Modern commercial aviation is extremely safe, with only one life lost per 10 million flights. Patients in hospitals do not fare as well: for every 100 to 300 hospital admissions, there is one death caused inadvertently by a health care professional or medical procedure. Aviation’s safety record is not the result of good luck or chance, but is rather the outcome of numerous safety measures in place to protect passengers and crew alike. Many safety concepts adapted from aviation have been successfully implemented in health care at low cost. For example, the World Health Organization Surgical Safety Checklist reduced deaths and surgical complications by more than one-third in some settings. This Commonwealth Fund–supported study, published in Milbank Quarterly, identifies 15 safety practices that are routinely used in aviation but mostly not in health care, and examines their applicability to health care, potential resistance from physicians, and cost benefits.

Key Findings

  • During safety-critical phases of a flight—whether taxiing on the ground or flying at low altitude—pilots and crew must refrain from all nonessential activities, like reading newspapers or engaging in casual conversation. This requirement is known as the "sterile cockpit rule," and its violation has been implicated in many aviation disasters. In health care, such a rule would identify critical junctures—during operations or transitions, for instance—and prohibit distracting activities. Some hospitals, for example, require nurses who are administering medications to wear brightly colored vests, as a signal that they should not be interrupted.
  • Up until the 1970s, junior pilots addressed their seniors as "captain," "sir," or "ma'am." But in modern cockpits, a first-name-only rule is employed. Using first names can help flatten the social hierarchy and foster a culture where colleagues feel more comfortable questioning each other, regardless of rank. The same could also be true in health care, if the practice empowered any member of the care team to question a senior member about perceived hazards. 
  • In the United States, NASA operates a safety reporting system that offers the incentives of anonymity and immunity to pilots who report an unsafe situation within 10 days. Known as "incentivized no-fault reporting," the practice is already used by some health care systems, like the Veterans Administration.
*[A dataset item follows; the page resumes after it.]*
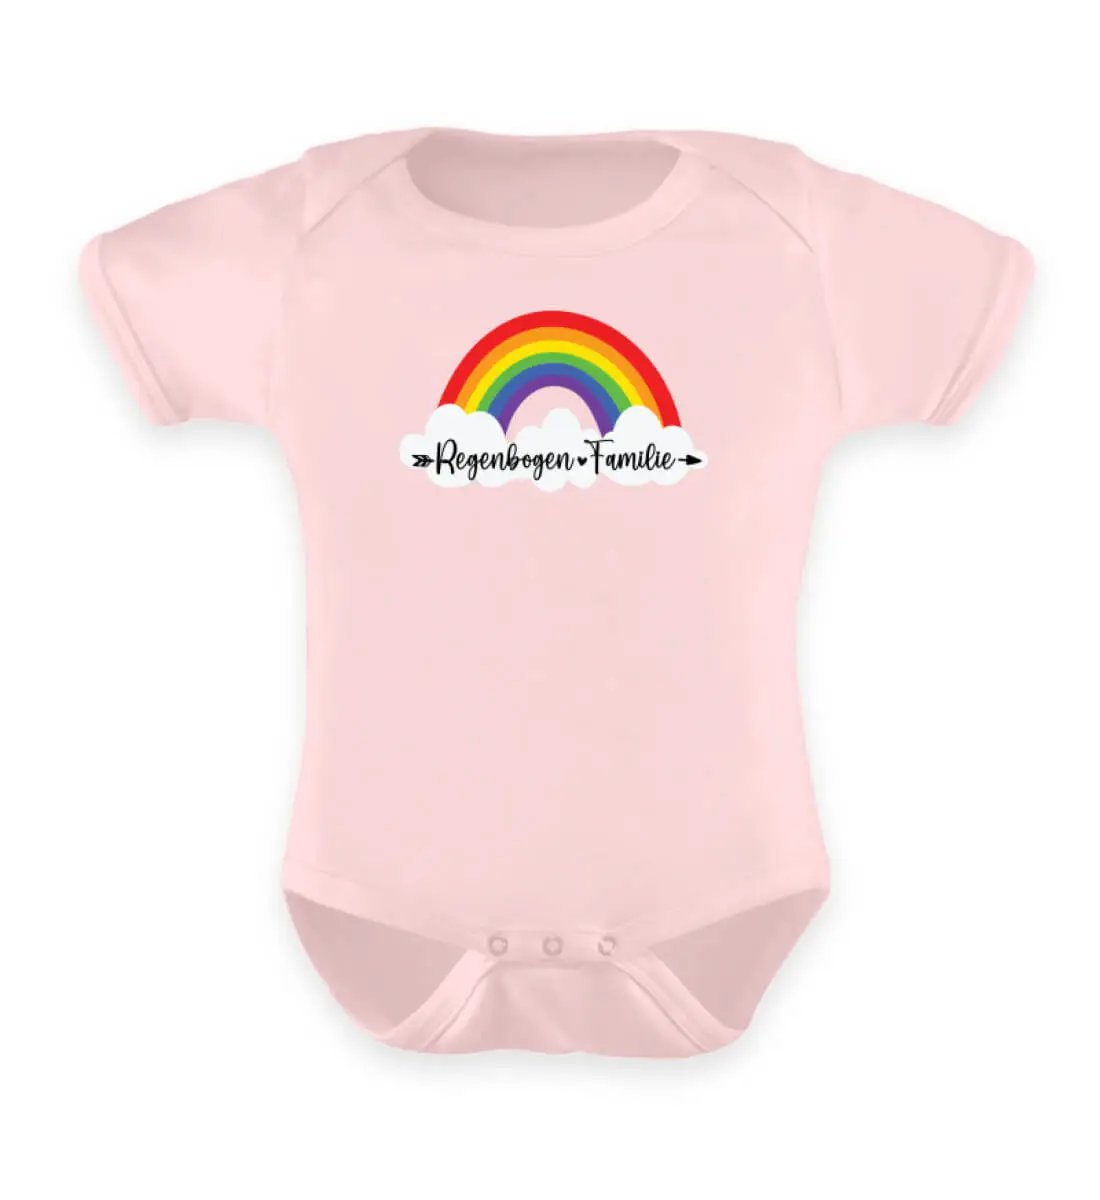 Dieses Bild zeigt einen rosa Baby Body mit einem Regenbogen-Motiv wo drauf steht Regenbogen-Familie

Wider use of the rule within health care reporting, the authors say, could help change the current prevailing culture, in which filing an adverse incident report can be regarded as an act of disloyalty or used as a pretext to punish staff members.
  • The authors identified three main types of aviation safety measures: 1) those intended to downplay the role of heroic individuals and instead emphasize the importance of teams and organizations; 2) those that seek to increase and apply group knowledge of safety information and values; and 3) those that promote safety by design.

Addressing the Problem

Many aviation-based safety measures could usefully be adopted and disseminated more widely throughout health care. However, some may meet resistance from physicians. For instance, enforcing a standardized process may be perceived by doctors as a restriction on their ability to innovate. And measures that expand the circle of people who share professional knowledge may be viewed as undermining to a physician’s status. But over time, this expected resistance is likely to give way to a larger cultural shift, the authors say. In the article, the authors also present an economic framework for examining cost-effectiveness, taking into account compliance and administration costs as well as behavioral changes.

The Bottom Line

Many aviation safety initiatives not regularly used in health care could have a positive impact on patient safety and outcomes.

Publication Details



Geraint H. Lewis et al., “Counterheroism, Common Knowledge, and Ergonomics: Concepts from Aviation That Could Improve Patient Safety,” Milbank Quarterly 89, no. 1 (Mar. 2011): 4–38.